---------- Provided material ----------

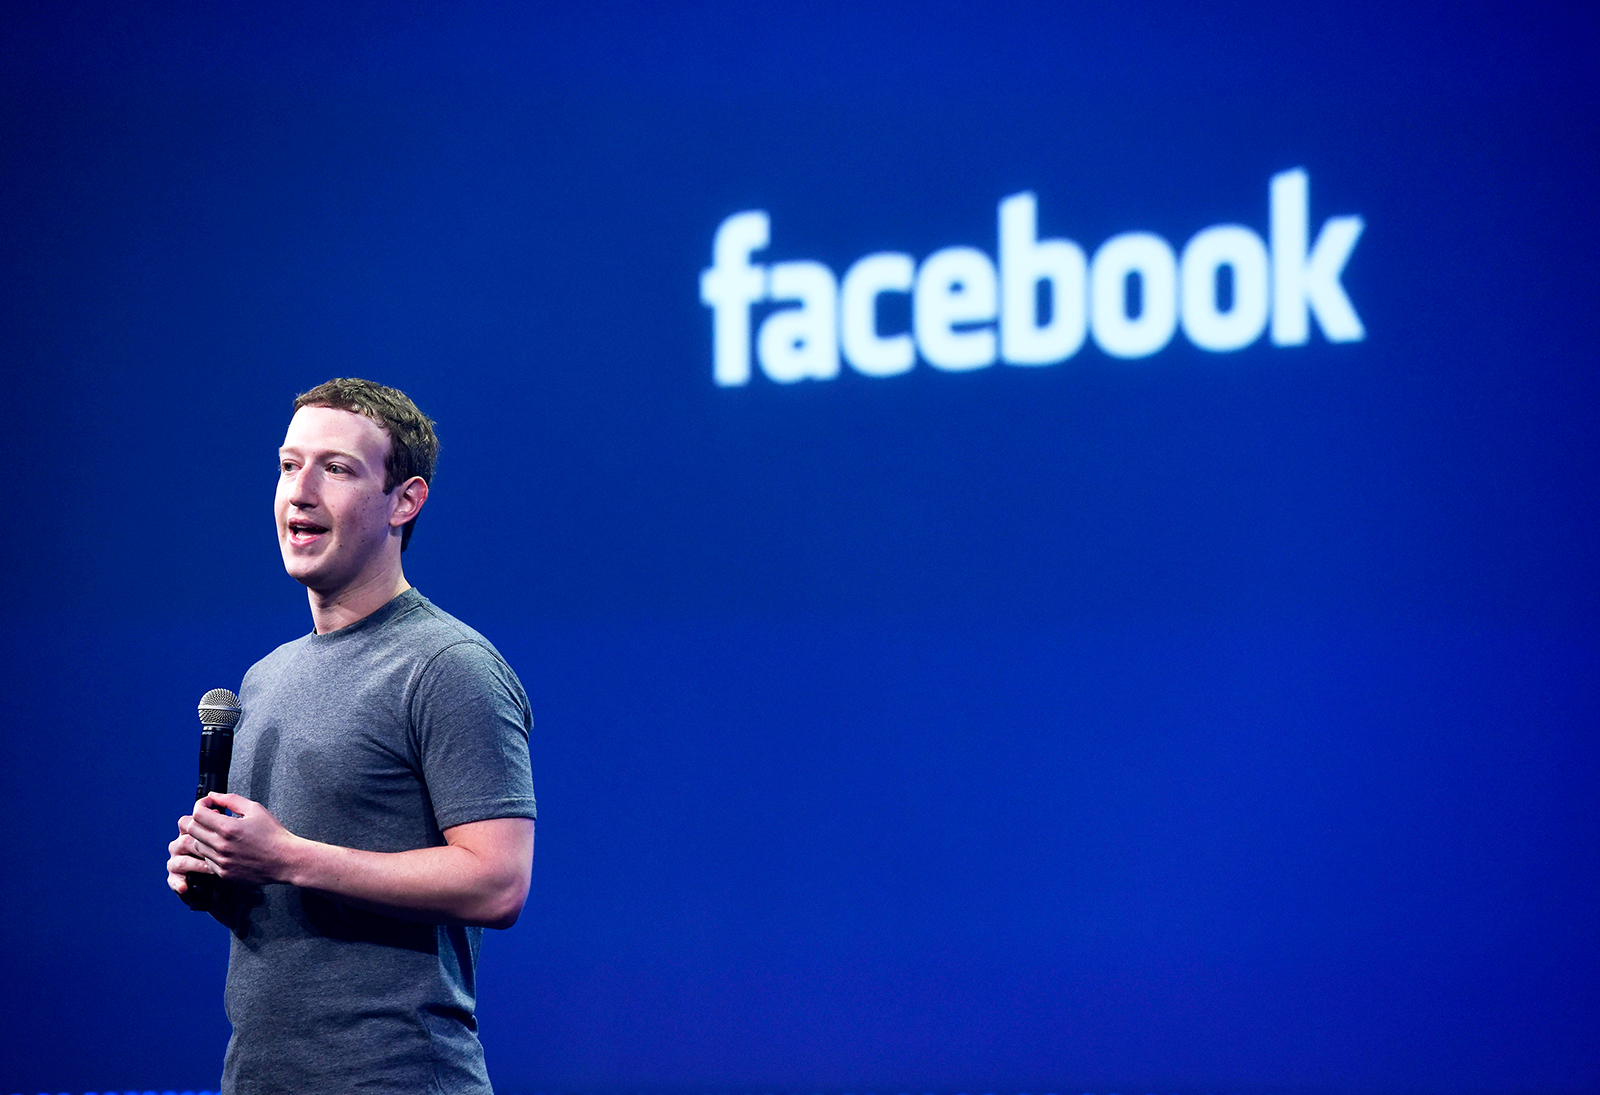 رئيس فيسبوك يجتمع مع محافظين أمريكيين بشأن جدل حول تحيز سياسي
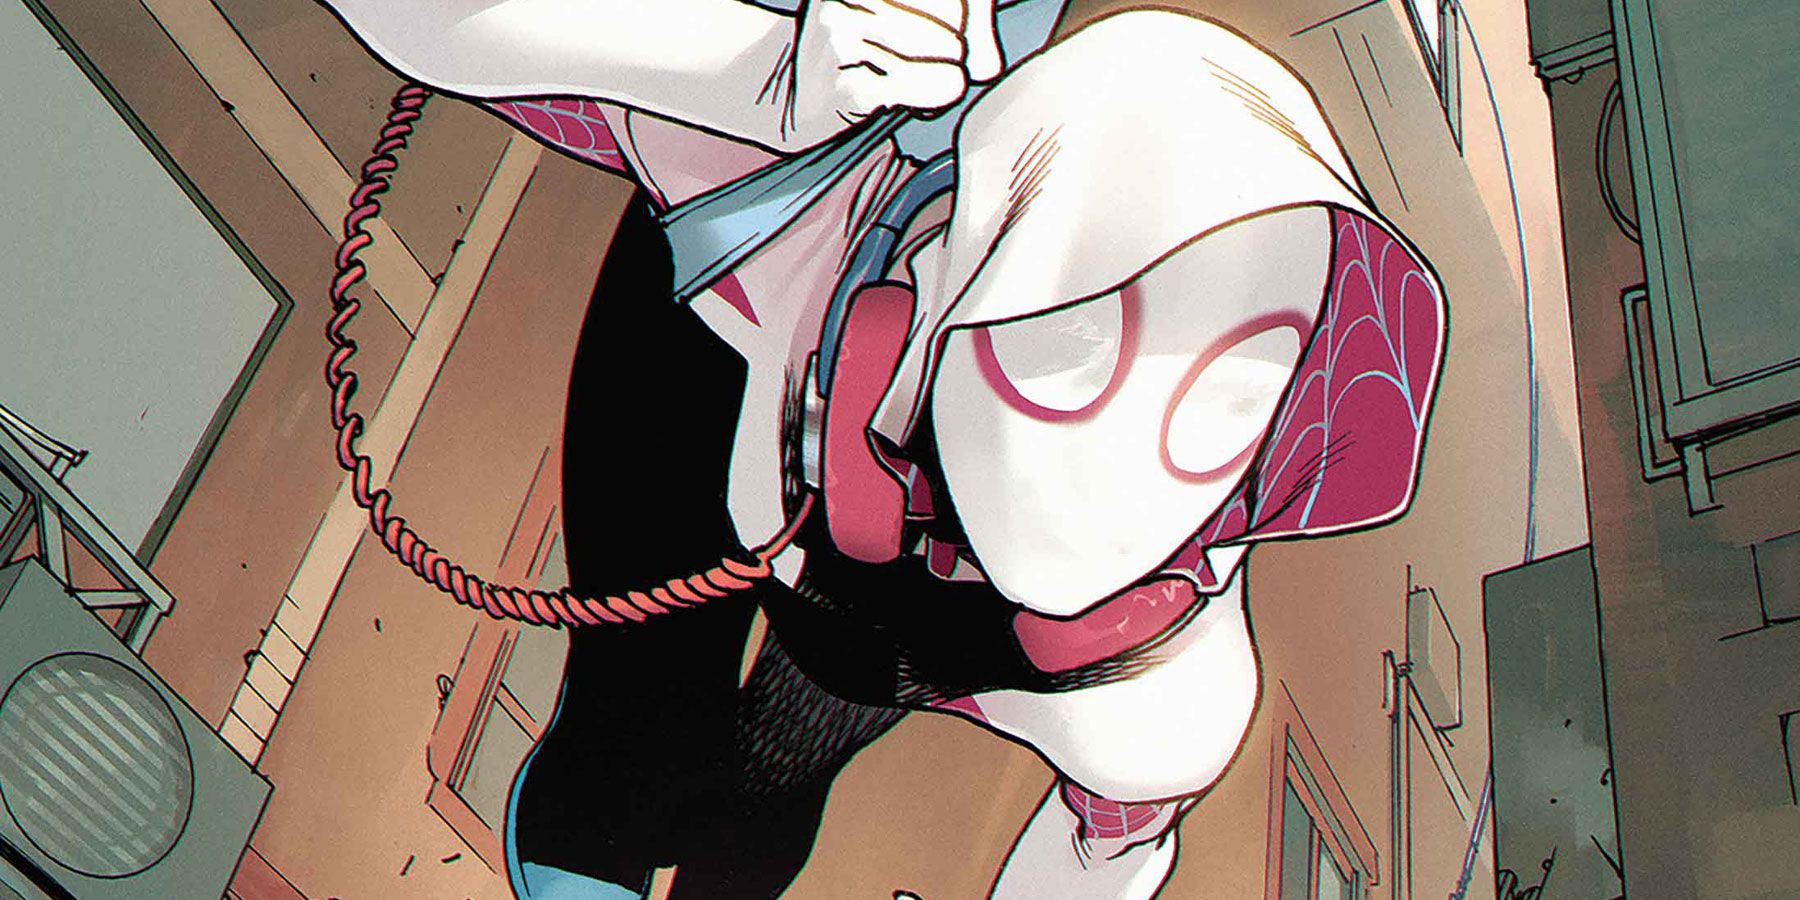 Spider-Gwen (2015 - 2018), Comic Series
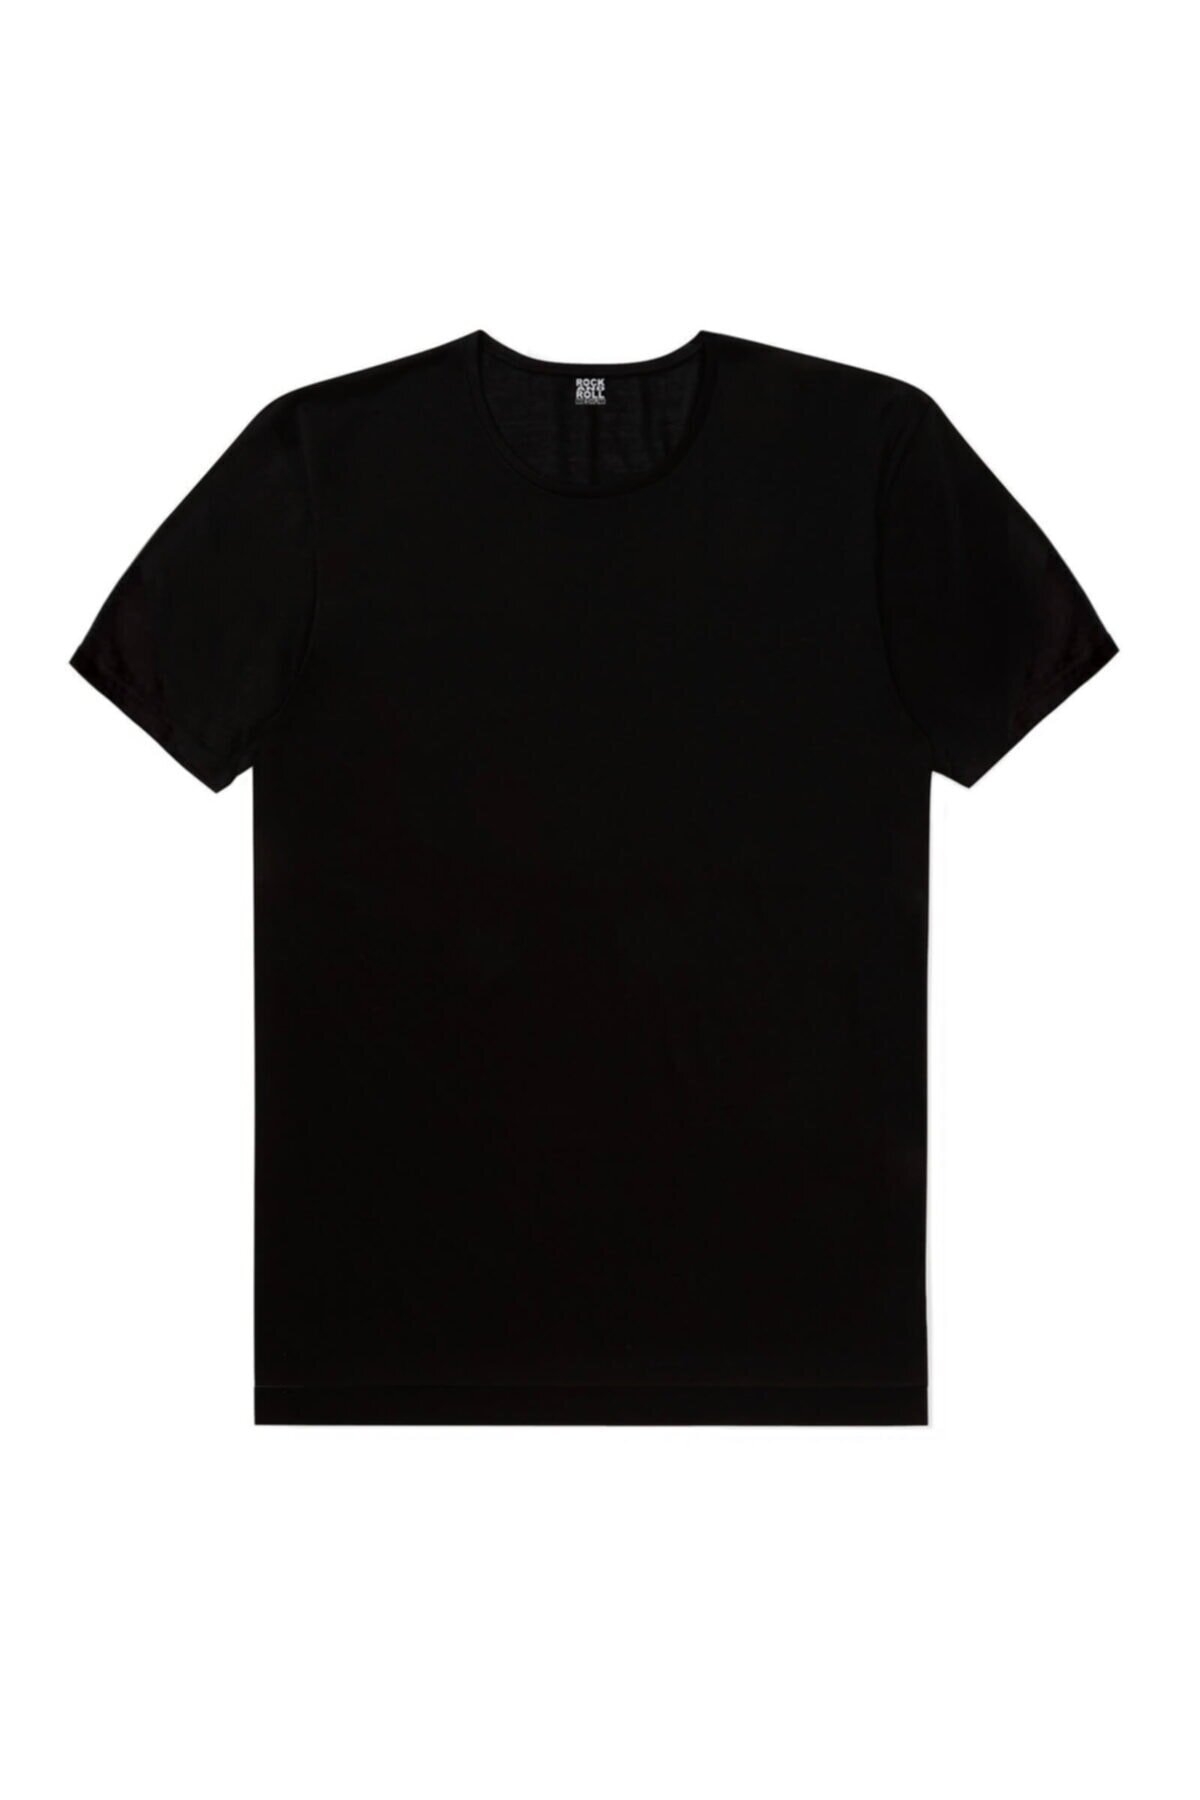 Düz, Baskısız Siyah Kadın 3'lü Eko Paket T-shirt

----------

Task brief →
Print the entire listing precisely as written, omitting the images it holds.

Task solution →
 رئيس فيسبوك يجتمع مع محافظين أمريكيين بشأن جدل حول تحيز سياسي
 Spider-Gwen (2015 - 2018), Comic Series
 Düz, Baskısız Siyah Kadın 3'lü Eko Paket T-shirt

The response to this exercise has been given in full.